At present, the popular approaches to control the transmission of respiratory infectious diseases are targeted quarantine/vaccination, i.e., selecting a collection of individuals for quarantine or vaccination. The percentage of individuals selected is denoted as quarantine/vaccination coverage. A variety of network-based selection strategies have been proposed according to individual’s characteristics calculated based on CPI networks, including degree (contact number), strength, betweenness, clustering coefficient (CC) and the primary eigenvector4. In this study, the disease control strategies were simulated by removing the selected individuals from the CPI network followed by running the SEIR models.
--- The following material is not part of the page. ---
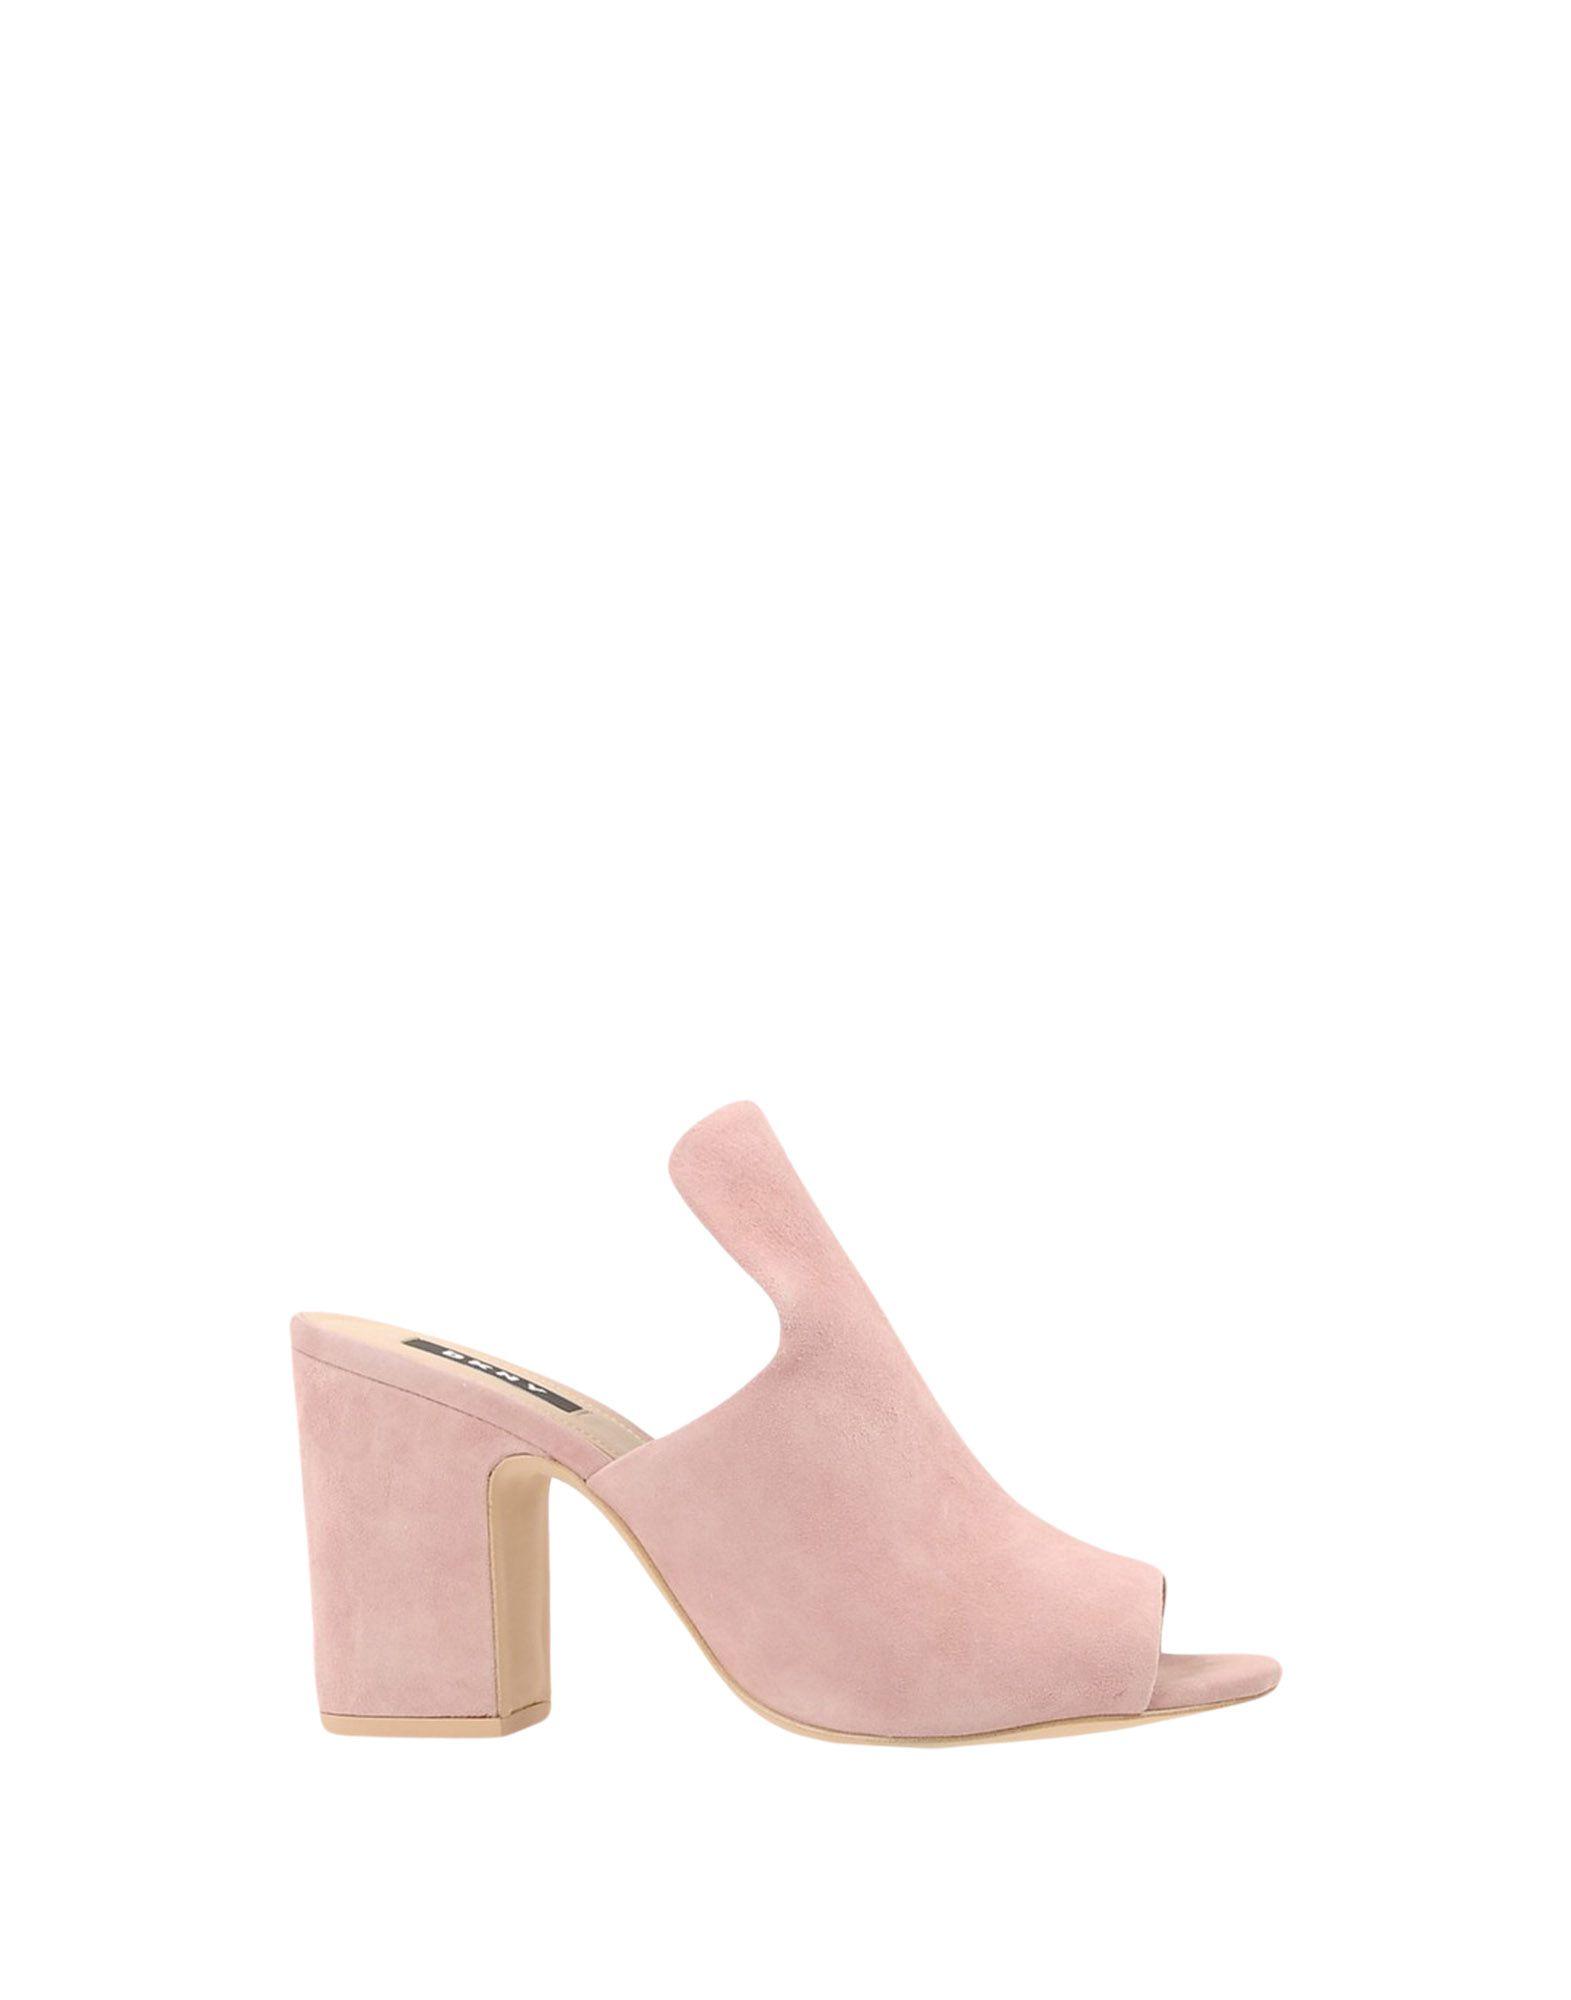 Dkny Womens strapazierfähige Sandals  11414221ACGut aussehende strapazierfähige Womens Schuhe 90fbe1

We evaluated the following network-based strategies for disease control, including degree strategy, strength strategy, CC strategy, betweenness centrality strategy and eigenvector centrality strategy (Supplementary Methods).

Besides these network-based strategies, class cancelation is also commonly applied as a disease control strategy in boarding schools14. During class cancelation period in boarding schools, all students are ordered to stay within the campus, with all classes cancelled, thus showing a CPI pattern nearly identical to that at weekends. In our study, class cancelation was simulated by simply replacing the CPI networks at weekdays with the CPI networks at weekends.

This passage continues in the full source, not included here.